● **What to do**
Exclude the pictures and repeat all of the data exactly.

● **Information shown**
-----
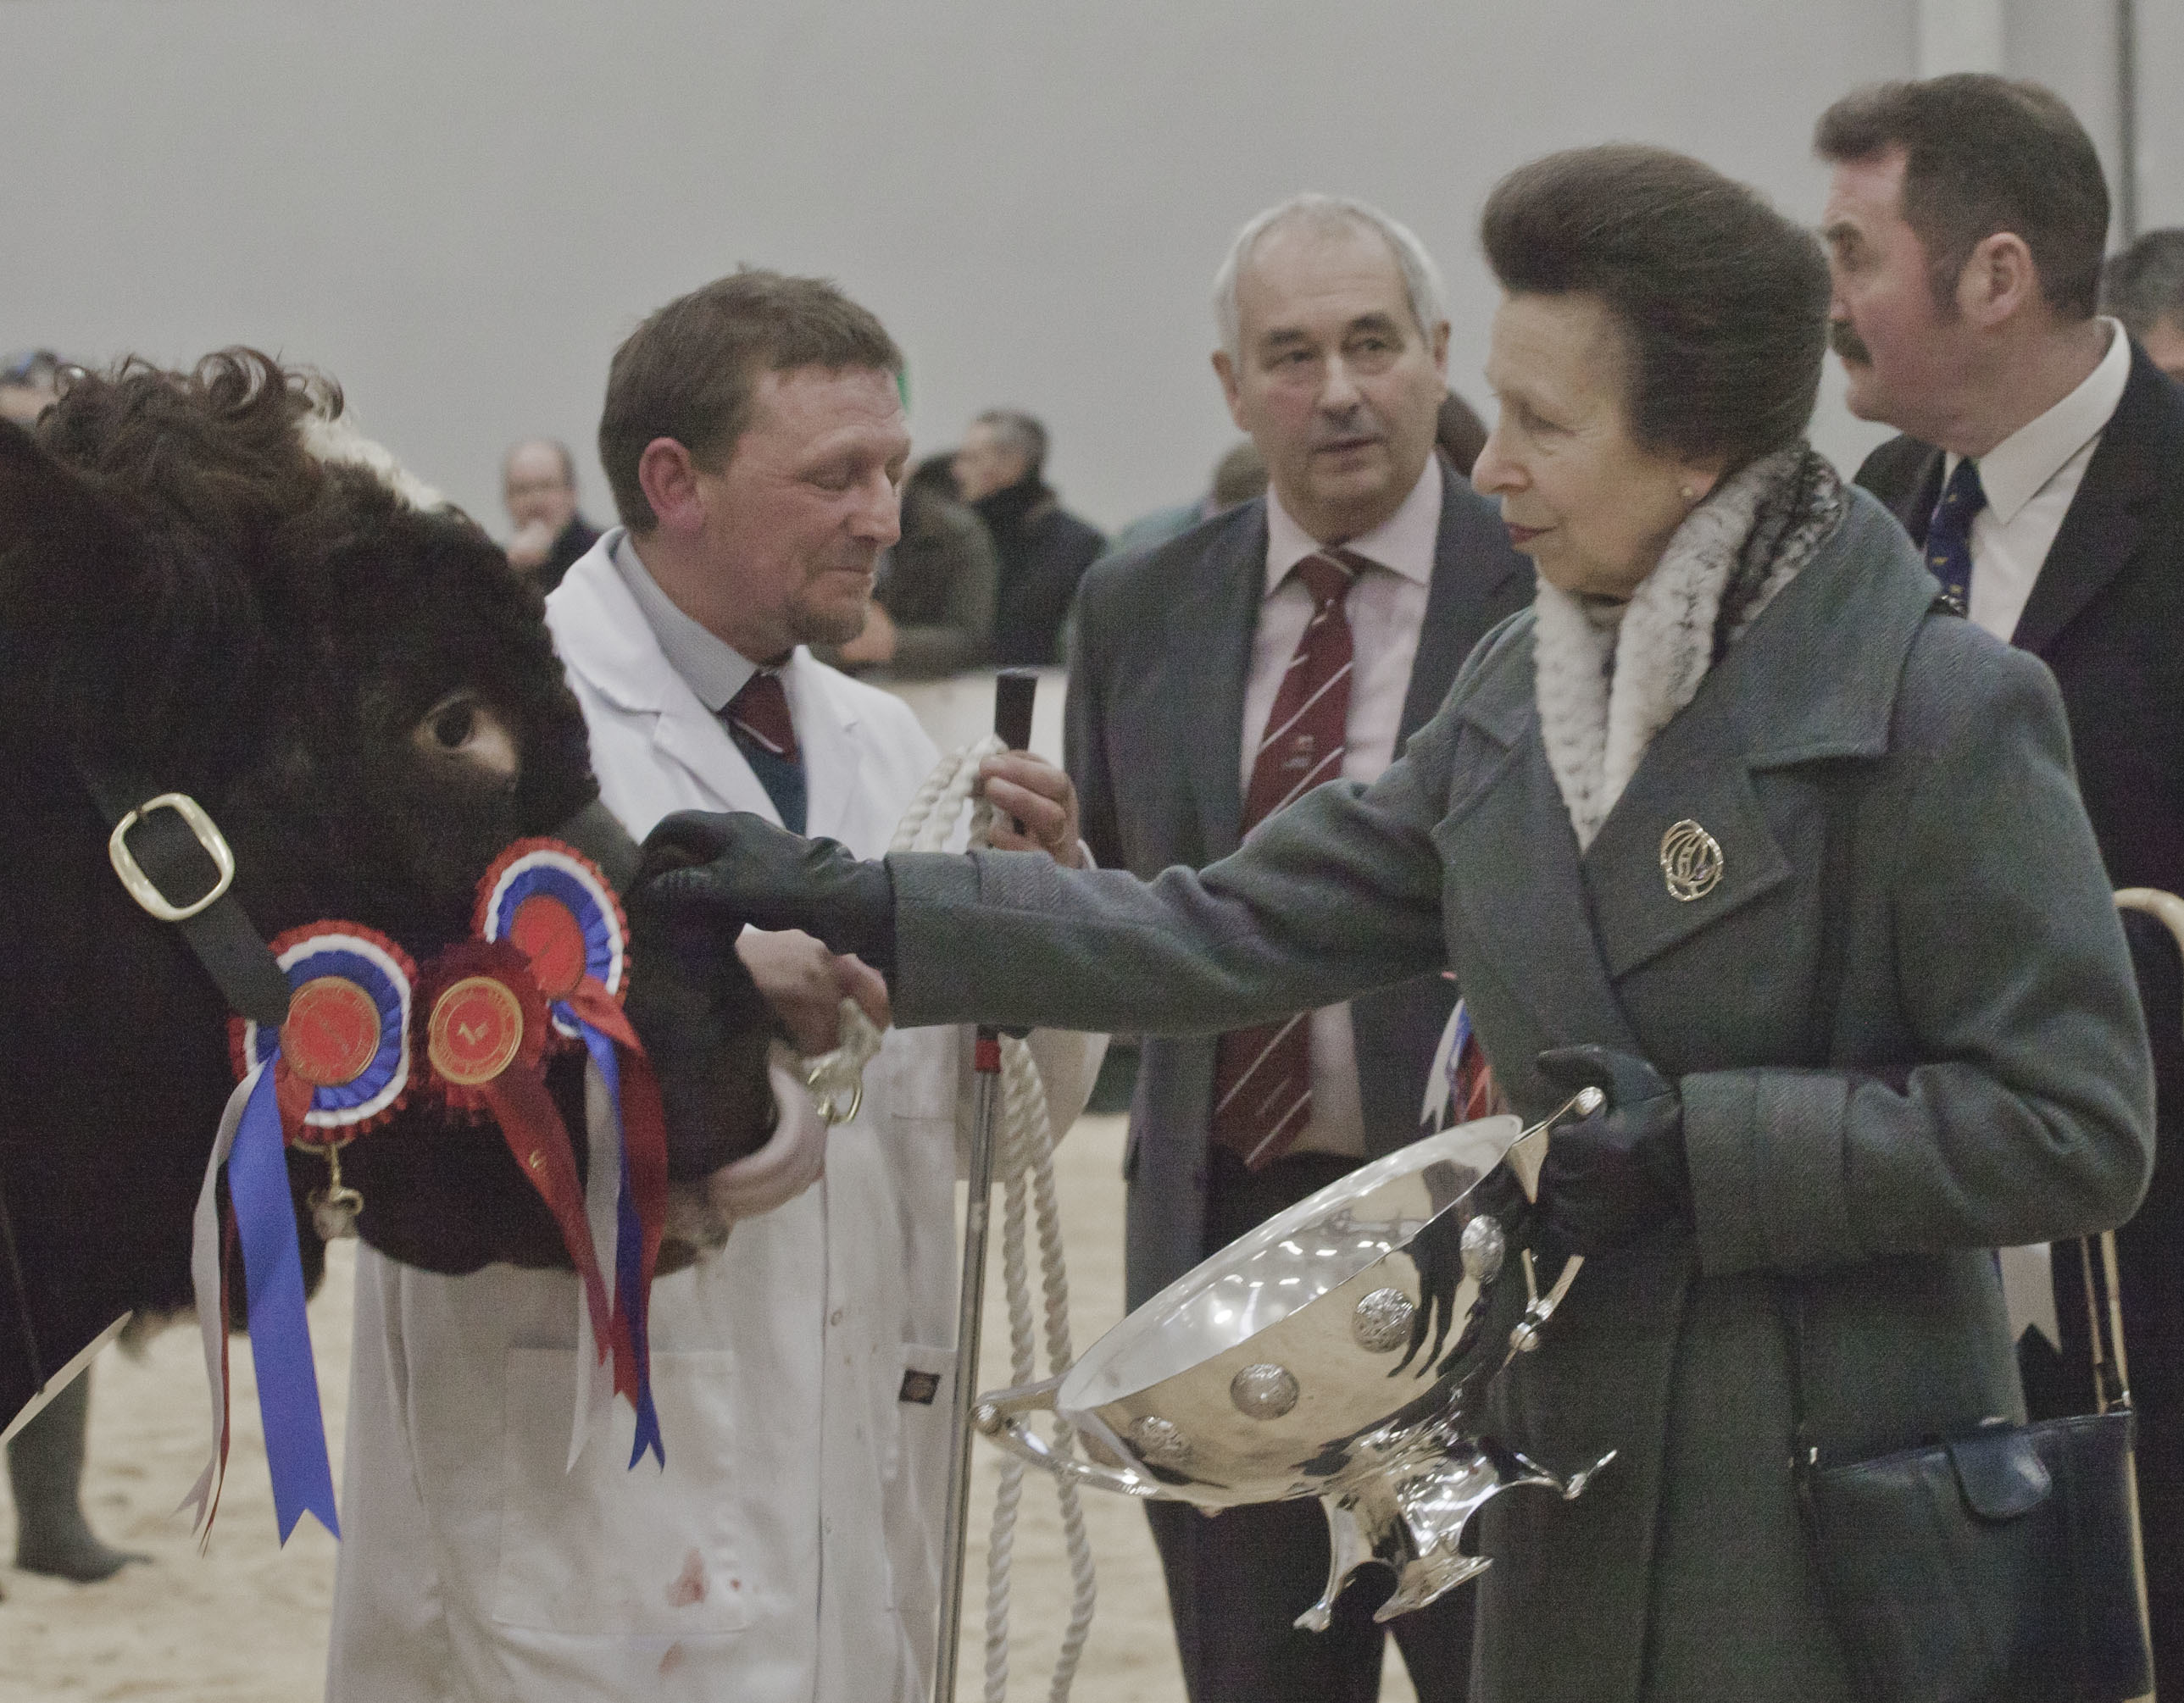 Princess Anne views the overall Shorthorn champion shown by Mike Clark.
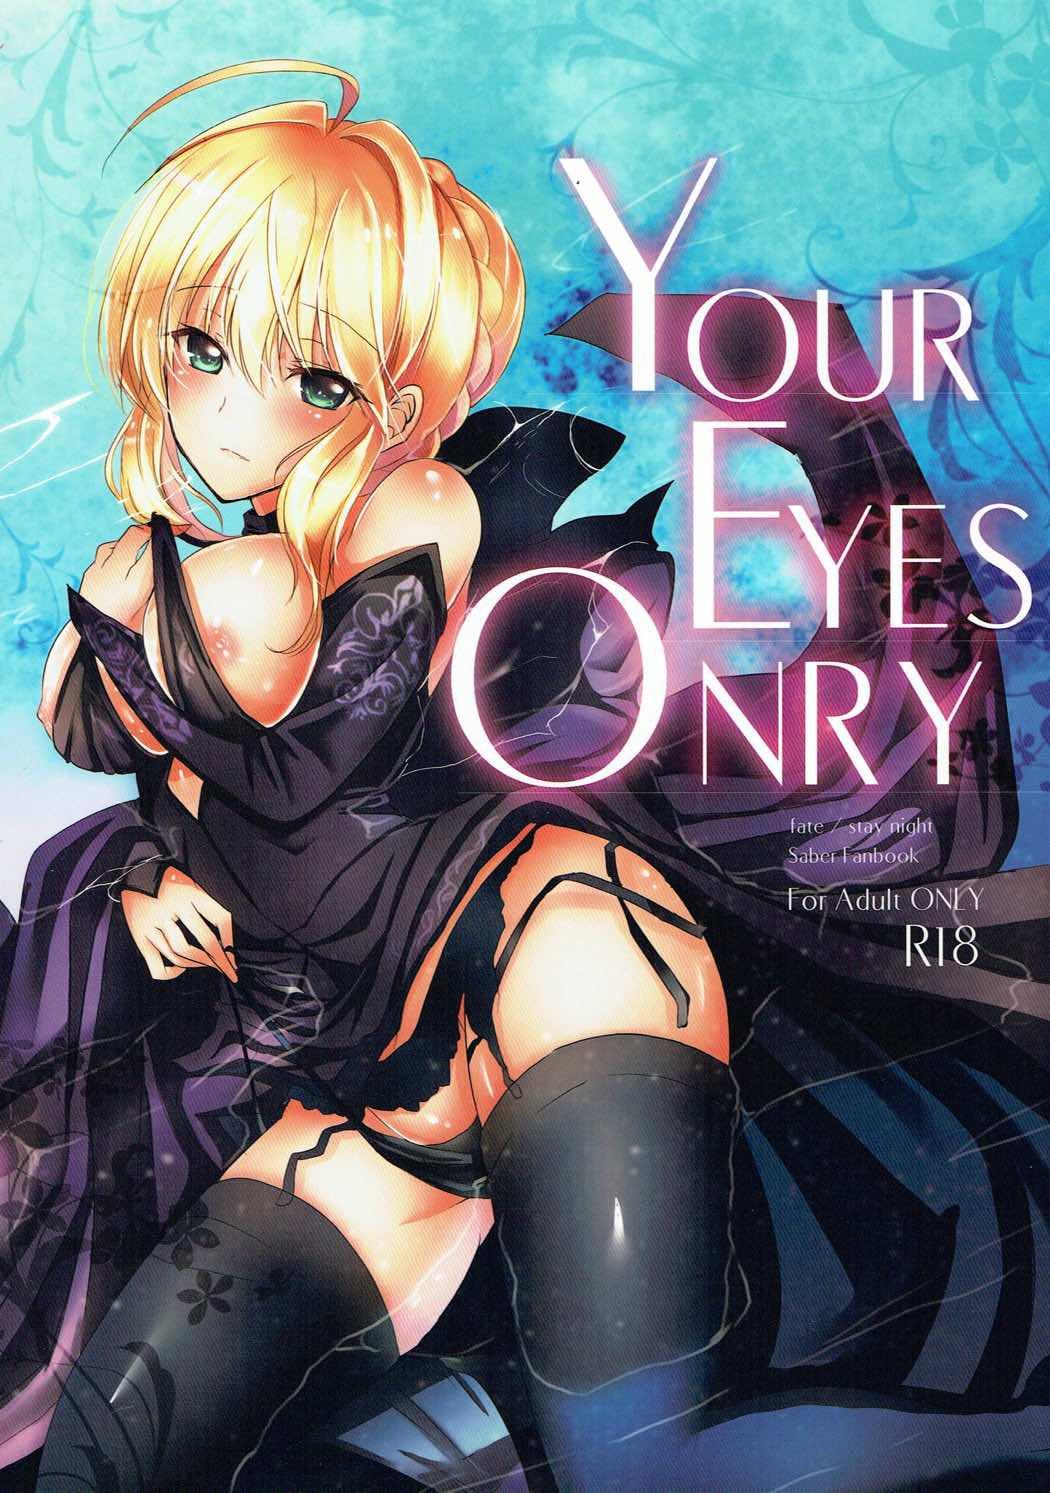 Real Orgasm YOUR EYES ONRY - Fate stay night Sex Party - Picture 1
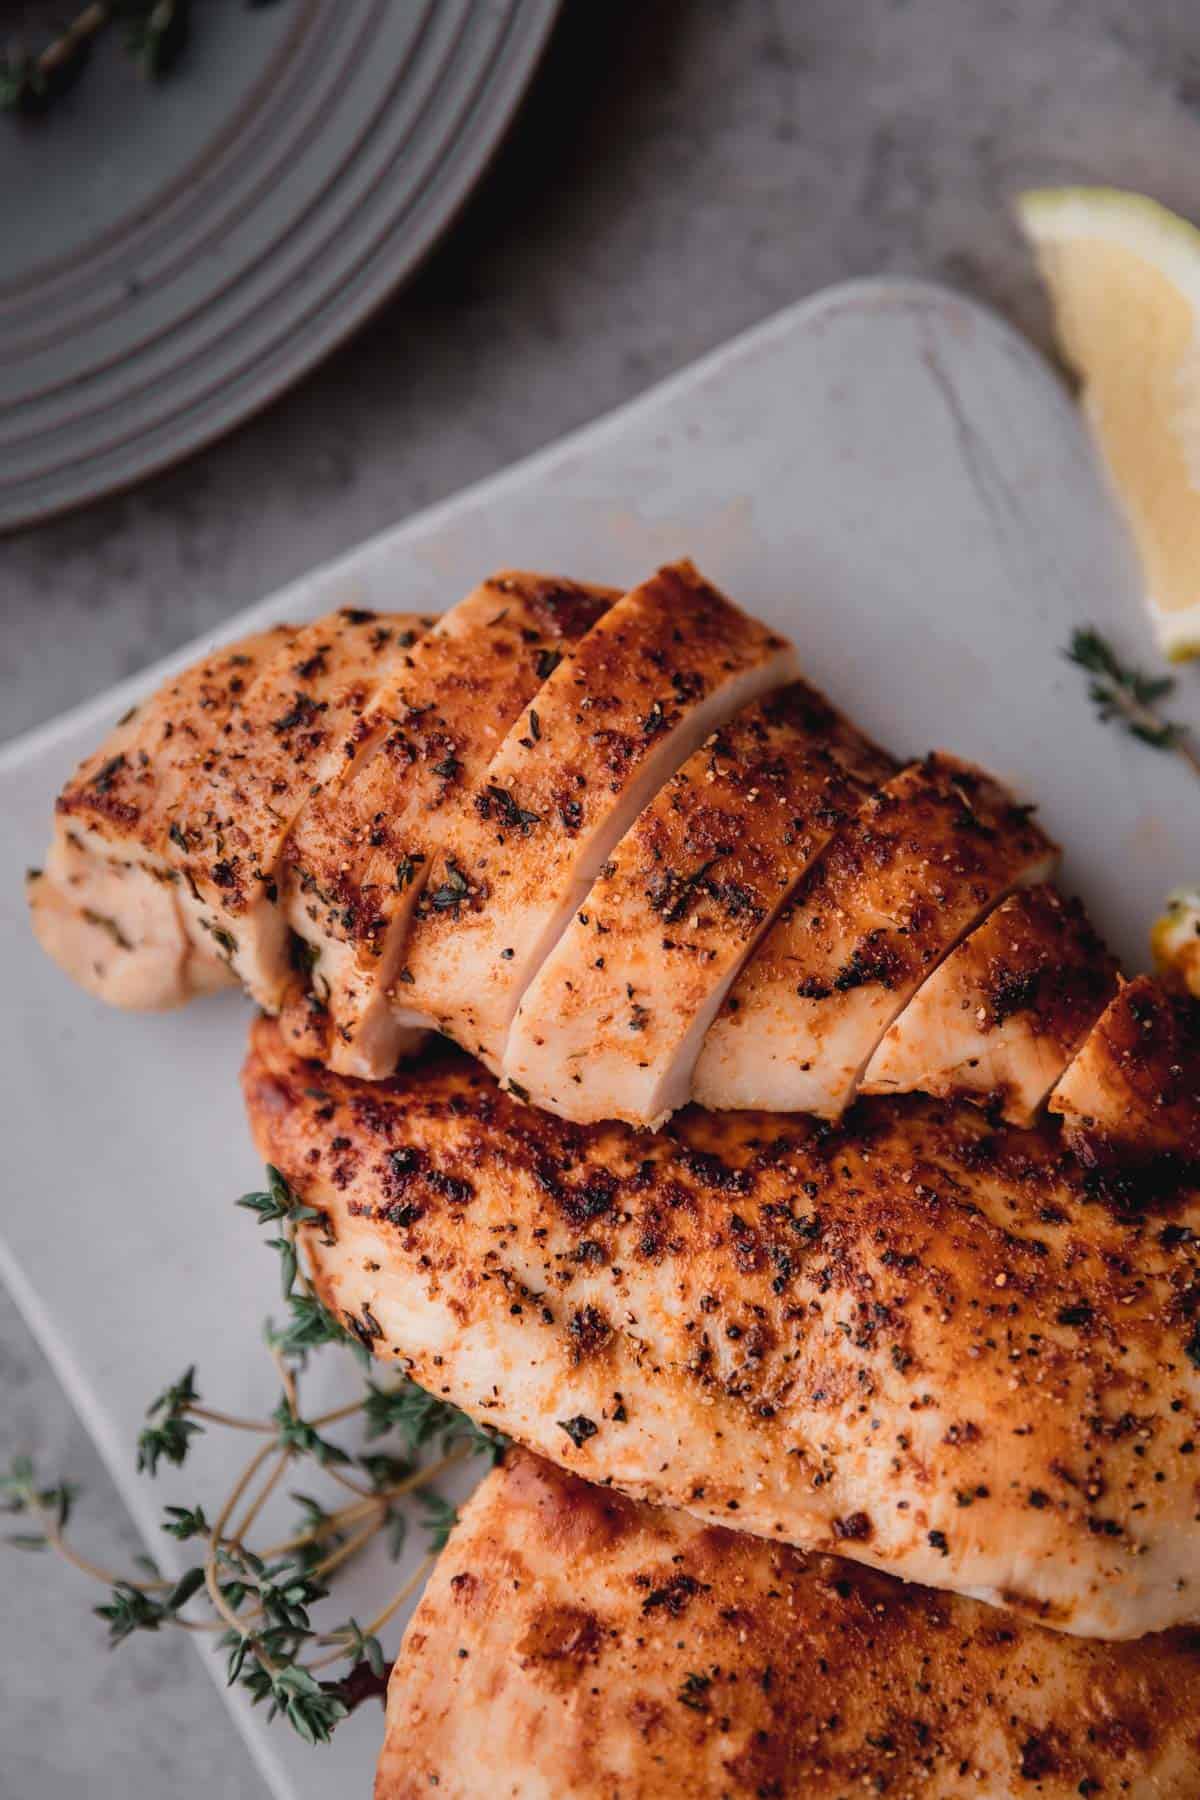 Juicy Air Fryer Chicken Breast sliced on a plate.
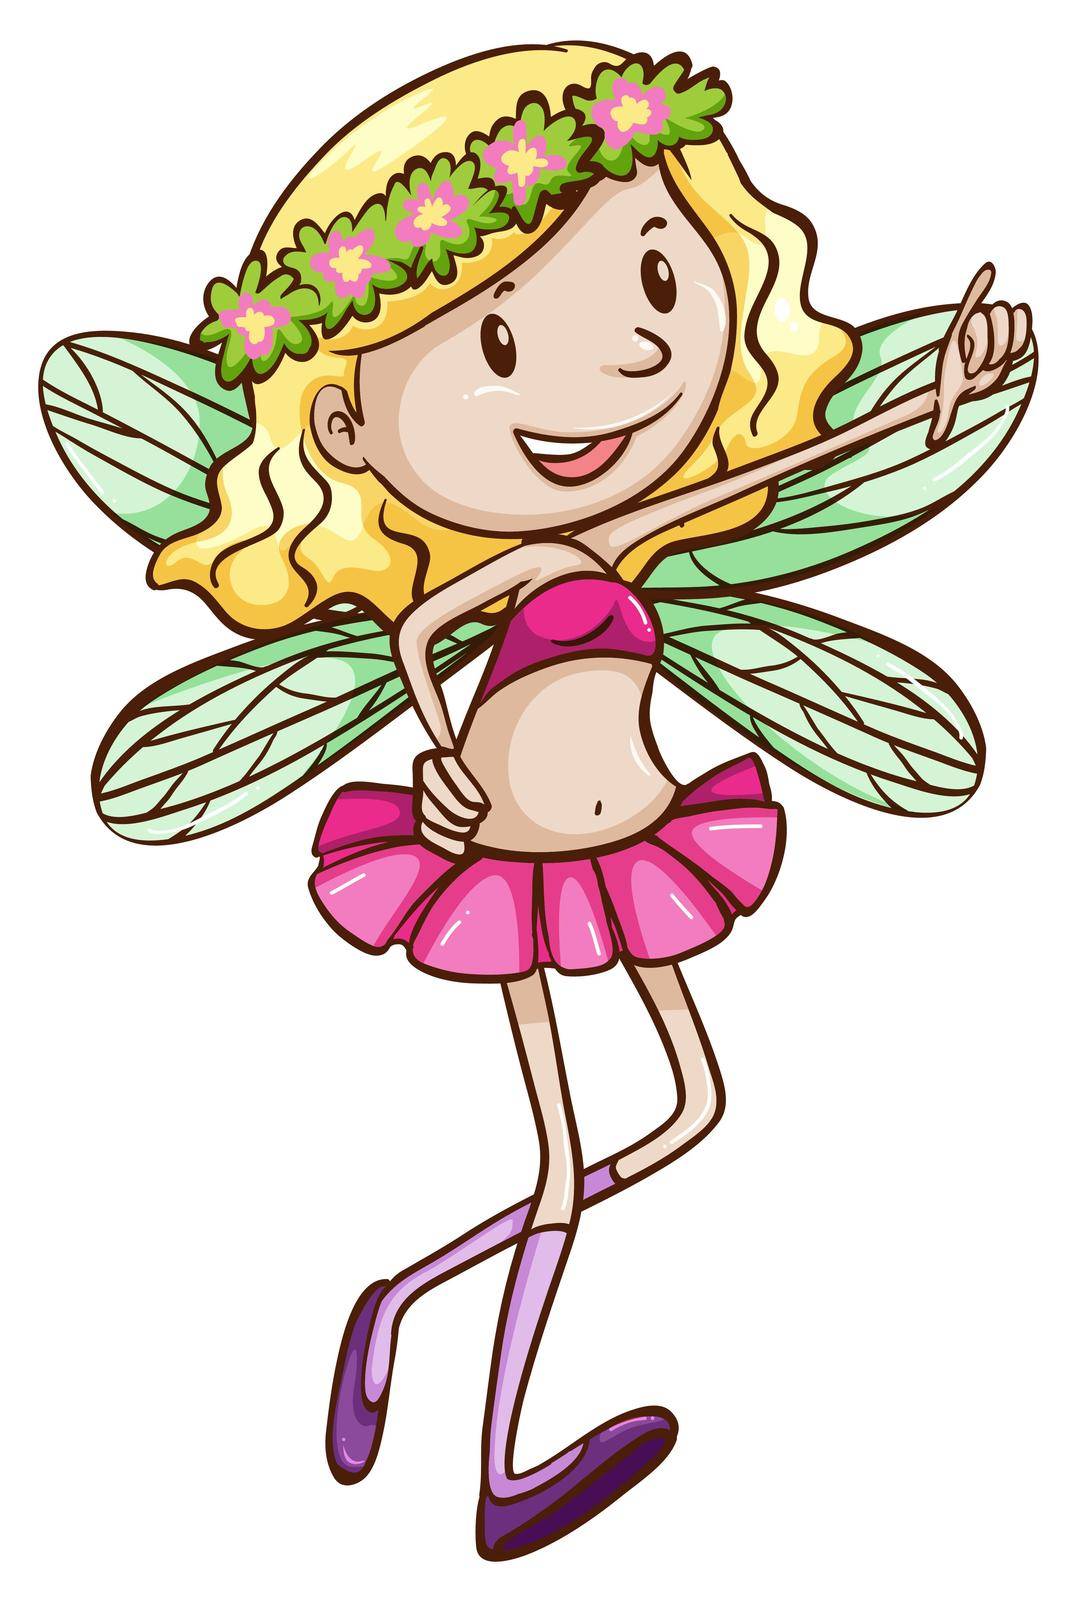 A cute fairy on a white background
-----
● **Answer to the exercise**
 Princess Anne views the overall Shorthorn champion shown by Mike Clark.
 Real Orgasm YOUR EYES ONRY - Fate stay night Sex Party - Picture 1
 Juicy Air Fryer Chicken Breast sliced on a plate.
 A cute fairy on a white background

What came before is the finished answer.